# Work instruction:
From the material below, return exactly the lines starting at the one that holds "Hem Skinny Jean" and ending at the one that holds "Templo de la Ciudad de la comunidad judía". Pictures stay out of the answer.

# Data shown:
☆ ☆ ☆ ☆
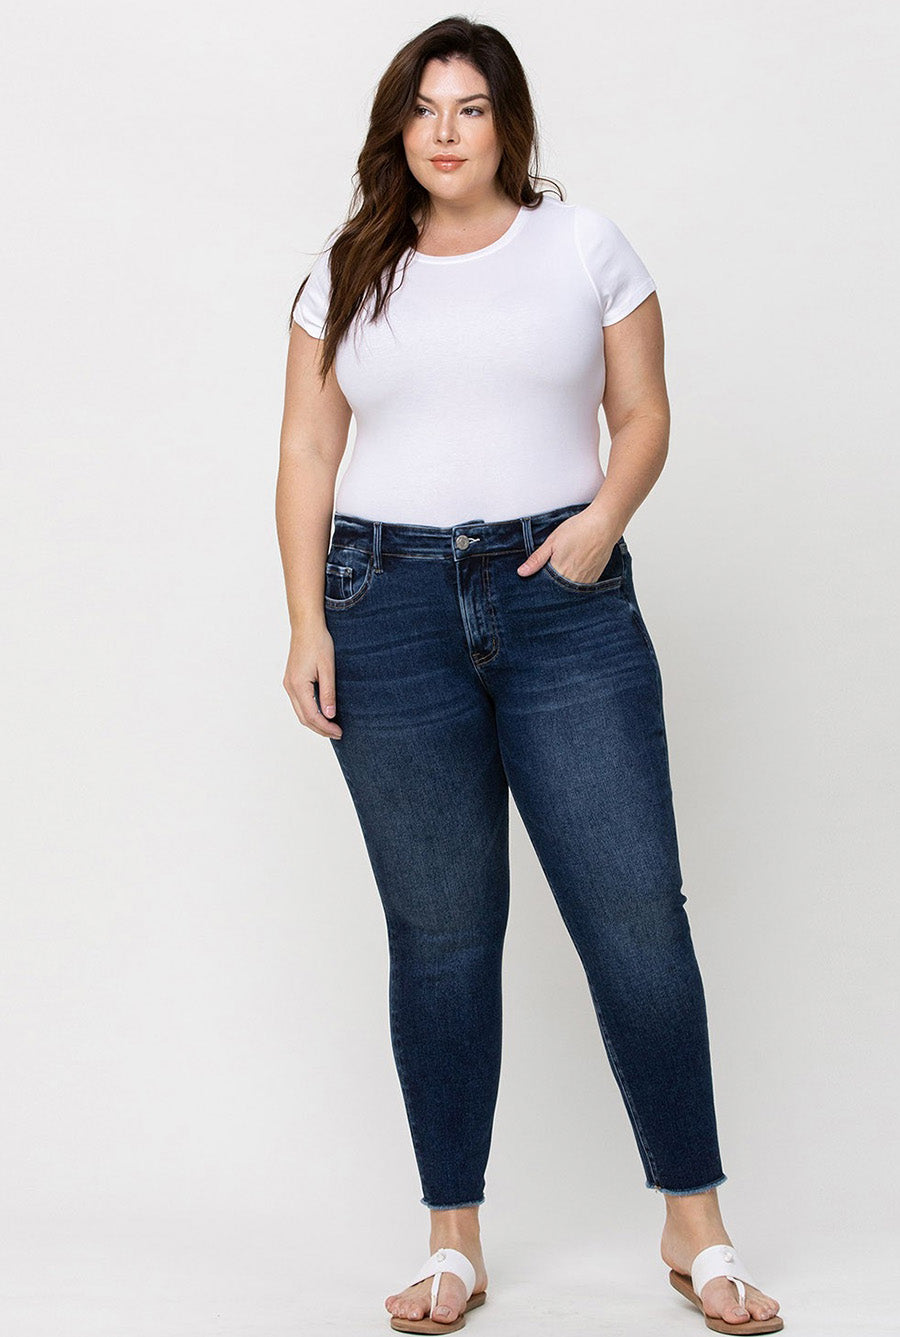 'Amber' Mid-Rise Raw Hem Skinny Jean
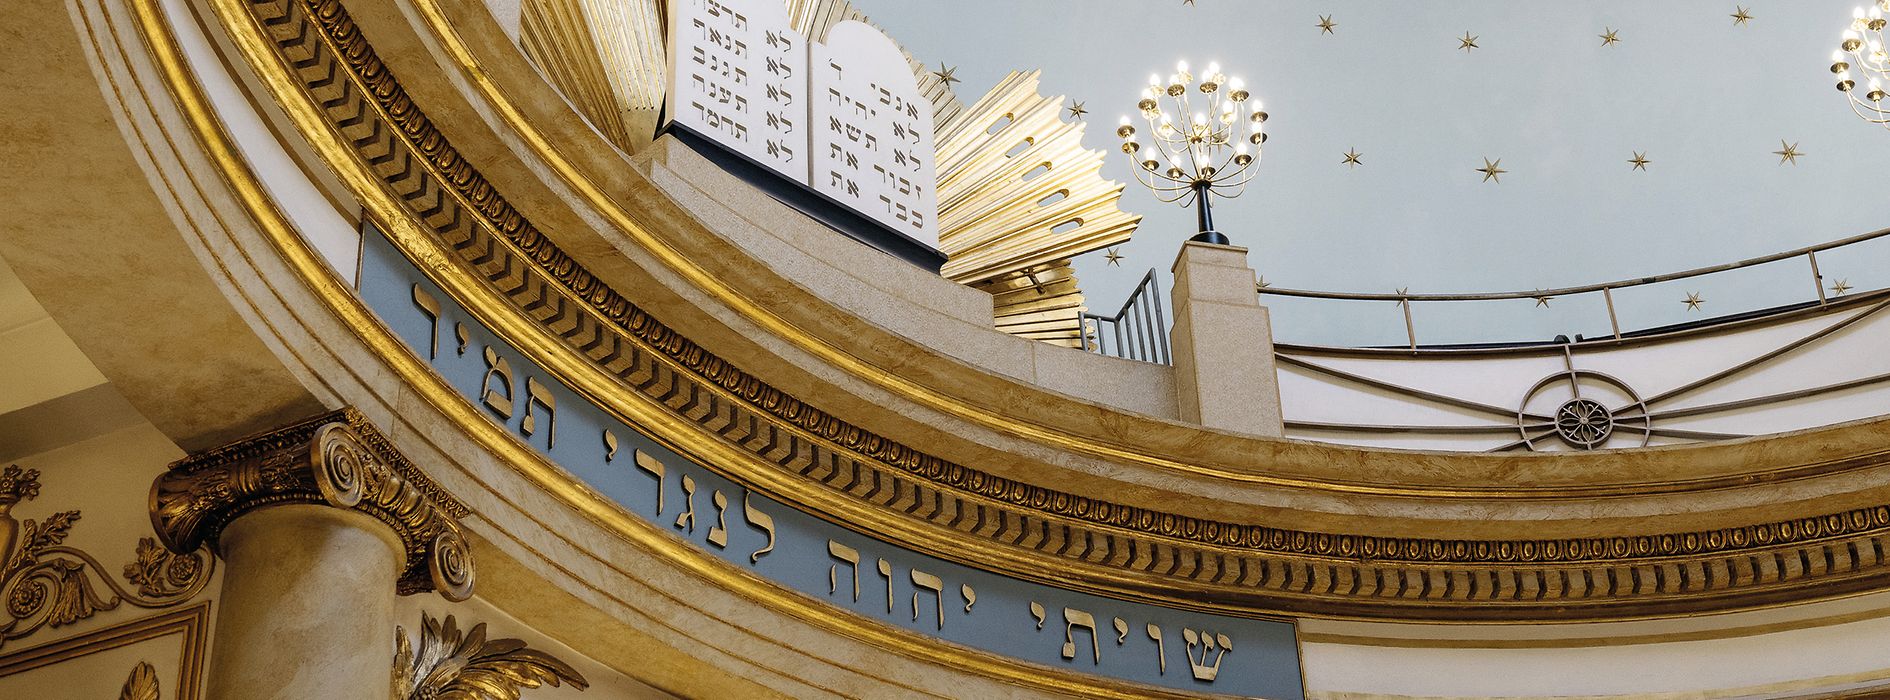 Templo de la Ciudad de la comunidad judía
☆ ☆ ☆ ☆
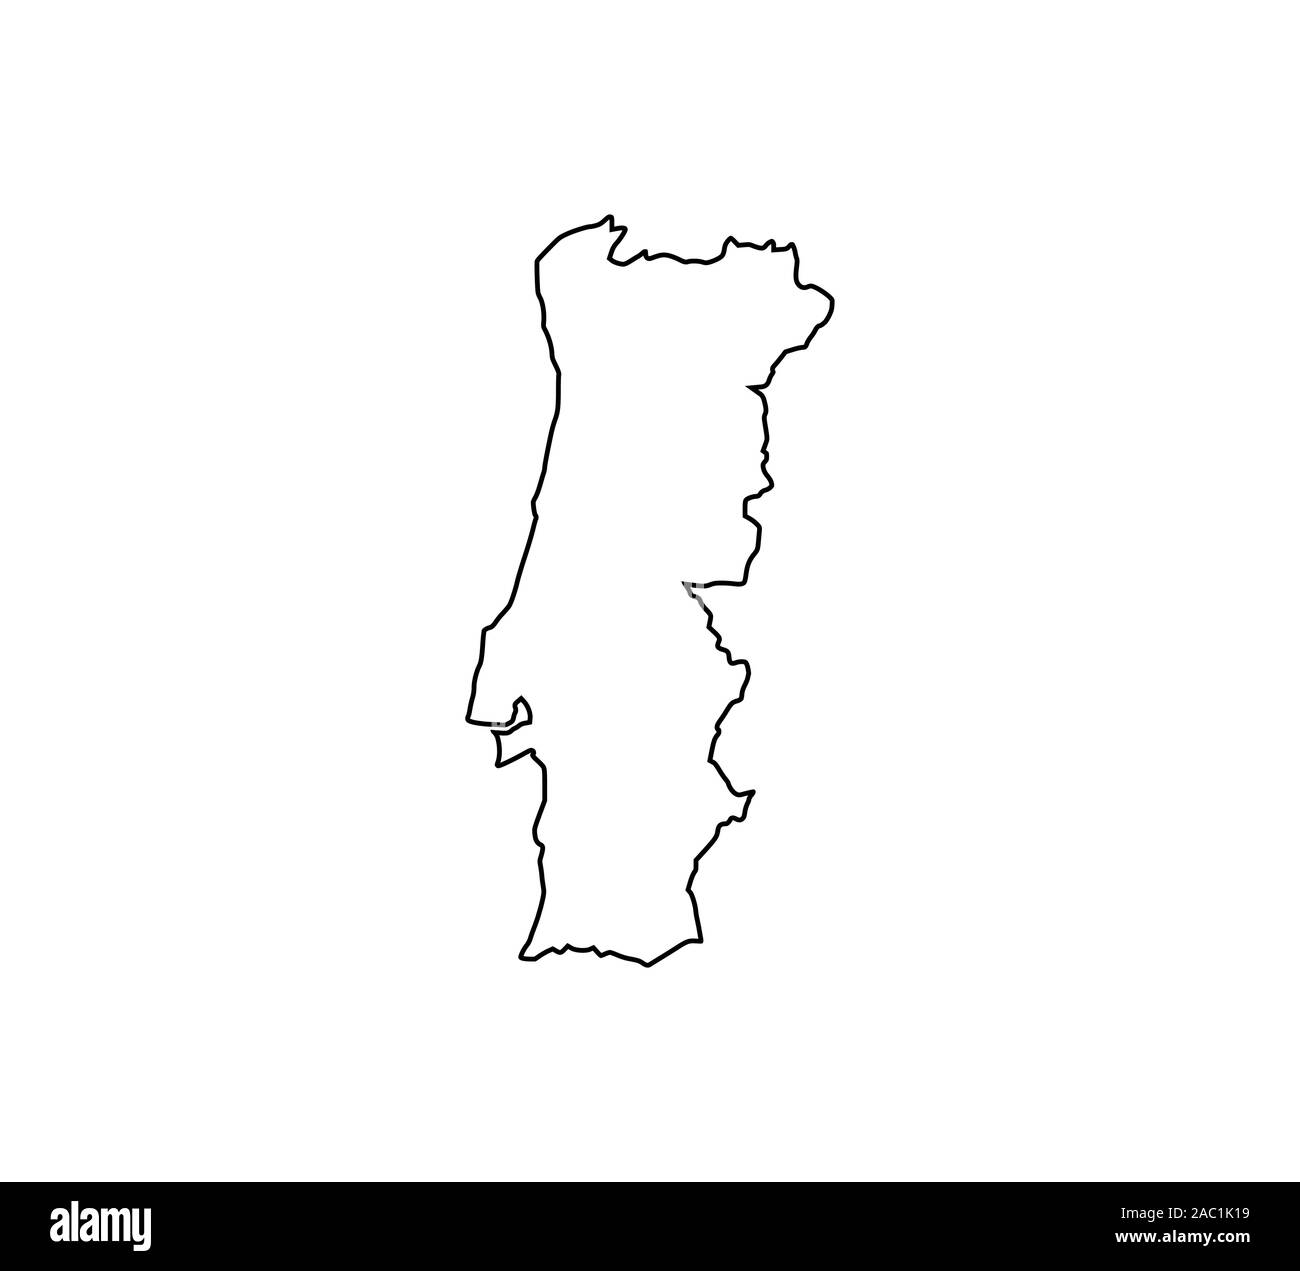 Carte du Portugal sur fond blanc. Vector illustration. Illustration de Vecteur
☆ ☆ ☆ ☆
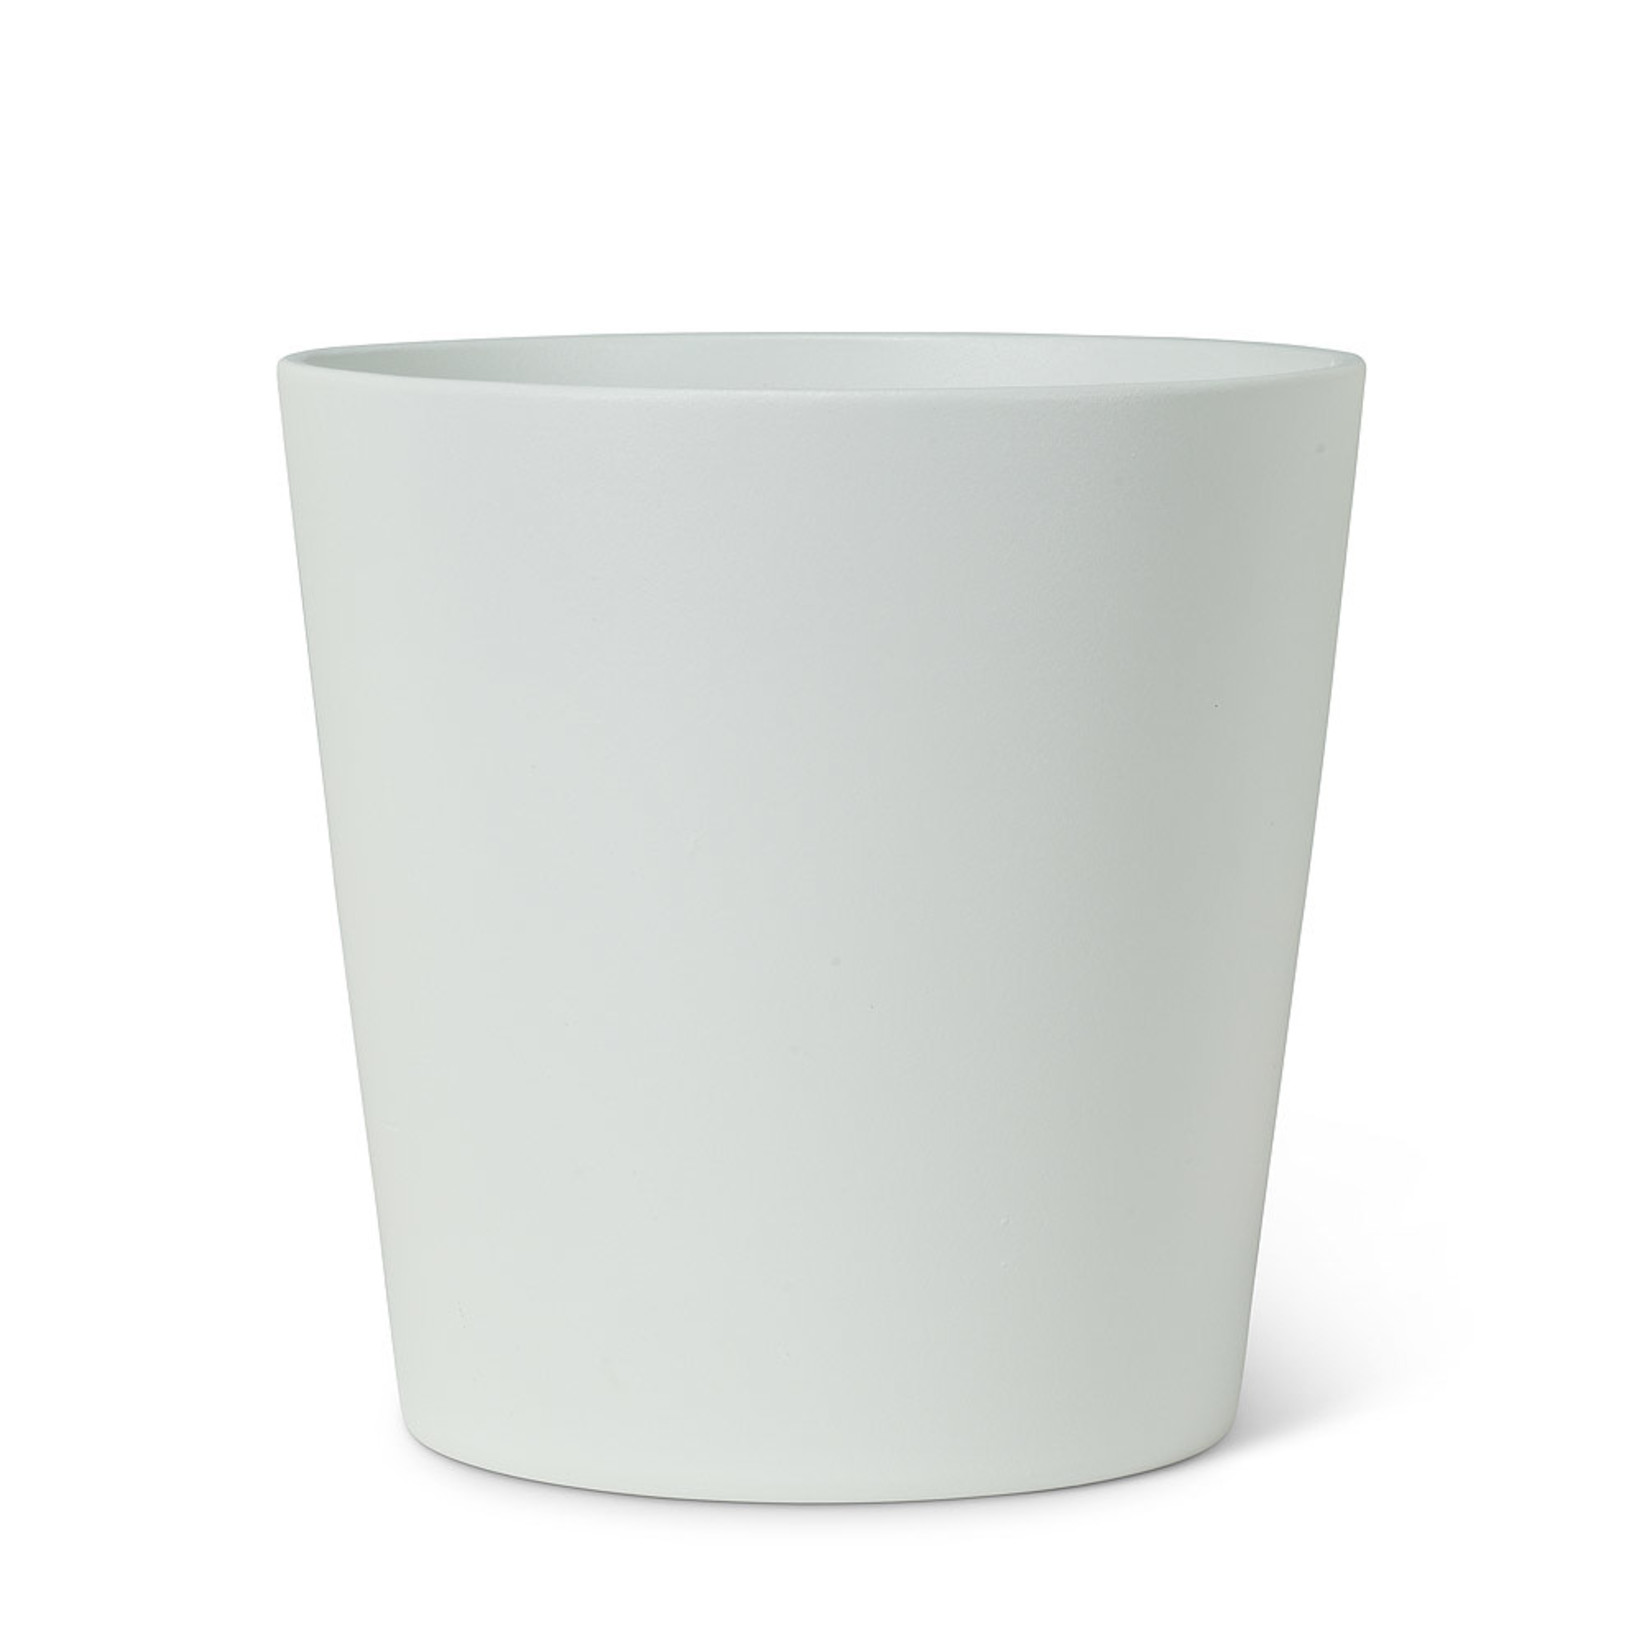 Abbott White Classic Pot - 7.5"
☆ ☆ ☆ ☆
# Worked solution:
 'Amber' Mid-Rise Raw Hem Skinny Jean
 Templo de la Ciudad de la comunidad judía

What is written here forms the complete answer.